Placement of Acidified Biowastes: Unveiling Abiotic and Biotic Effects on Soil P Dynamics Using 18O as a Tracer

Abstract

Placement and acidification can improve phosphorus (P) availability from biowastes. However, little is known about how the placement of acidified biowastes affects biotic and abiotic processes in the soil. Thus, we selected two biowastes: digestate solid fraction (DSF) and meat and bone meal (MBM). Both were applied in their untreated and acidified forms. We hypothesised that the acidification would affect biotic and abiotic processes and, consequently, the P dynamics in the soil. All fertilisers were incubated for 12 days to evaluate abiotic and biotic processes in the placement zone and in the adjacent soil. Assessments included resin-extractable P (resin P) and microbial P contents and δ¹⁸O values at different distances from the placement zone. Microbial respiration was also measured. Acidification significantly increased P release for DSF and MBM. The soil resin P content of acidified biowastes was larger even at greater distances (10–12 mm). For untreated MBM, soil resin P was significantly larger than the negative control up to 4 mm from the placement zone (50–60 mg kg⁻¹). For this treatment, microbial P was relatively increased even at greater distances (150 mg kg⁻¹ at 6–8 mm). Acidification suppressed microbial activity and resulted in lower respiration rates for both MBM and DSF. In addition to that, our results showed a significant correlation between ¹⁸O incorporation into microbial P and microbial respiration. Thus, the greater the microbial activity, the more P is biologically cycled in the microbial biomass. However, no correlation was found between respiration and ¹⁸O incorporation into resin P. These results may indicate an insufficient incubation time for microbes to release P into the soil and/or the co-occurrence of abiotic processes which are not exchanging oxygen between water and phosphate (e.g., desorption).
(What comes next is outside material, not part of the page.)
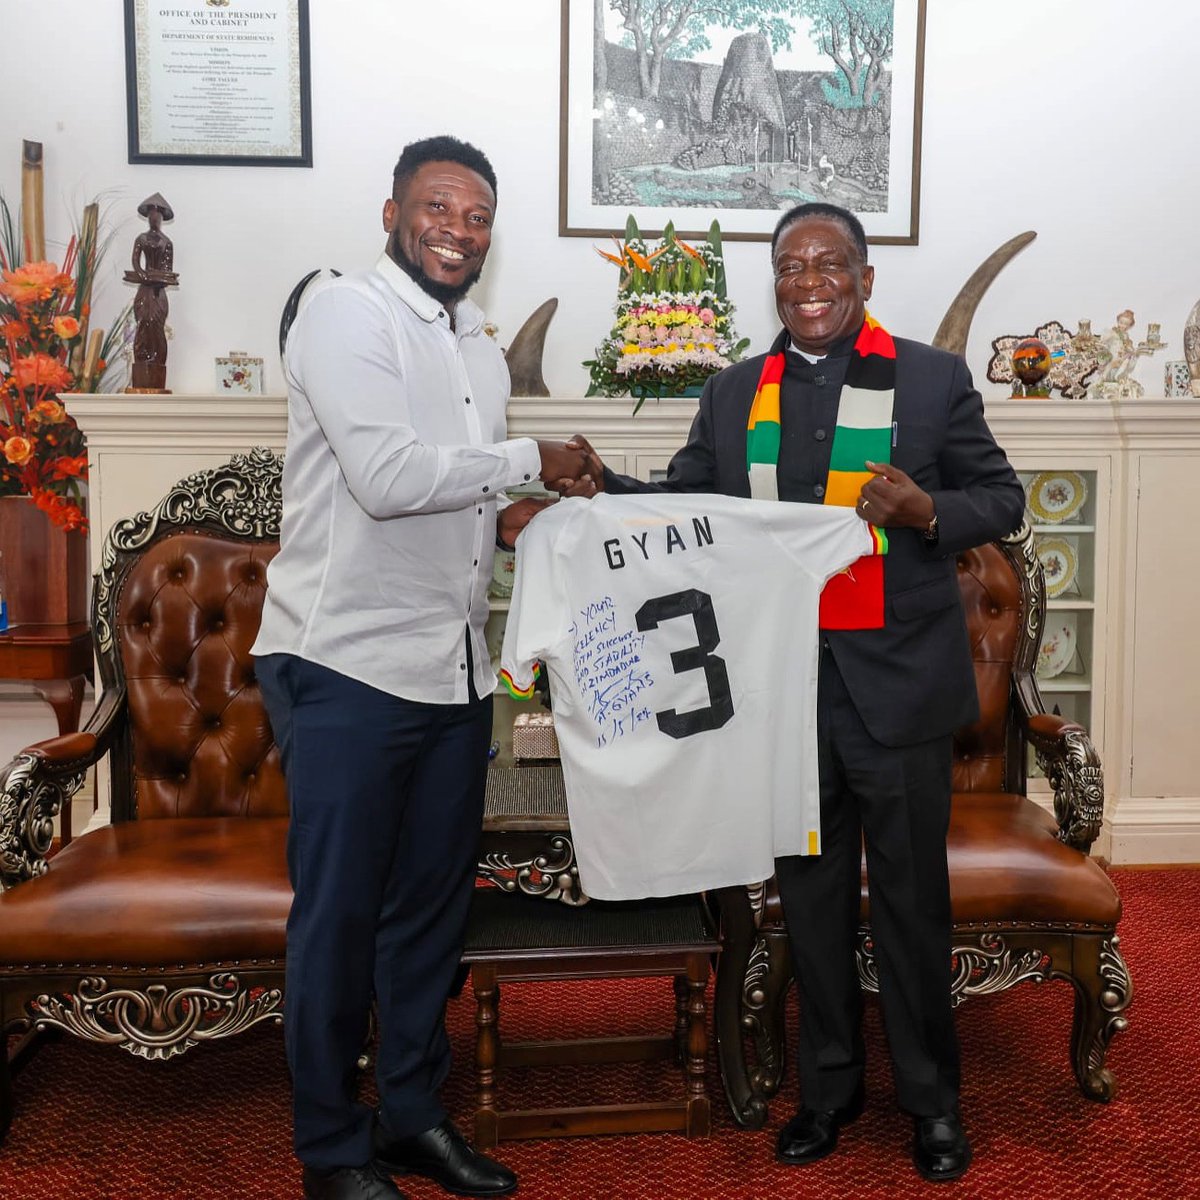 It was an honour to receive Asamoah Gyan at State House today. His remarkable career and leadership on the field have inspired millions across Africa. We discussed the power of sports in uniting nations and promoting youth development.

We conclude that for untreated MBM, biotic processes may be the main driver of P movement in the soil. In the case of acidified biowaste, diffusion is the main process moving the P in the soil. This research shows that acidifying biowastes like DSF and MBM boosts P availability through abiotic processes. These findings suggest that acidification can enhance nutrient use efficiency and improve soil fertility. However, further studies are needed to assess the long-term effects on microbial communities and soil health.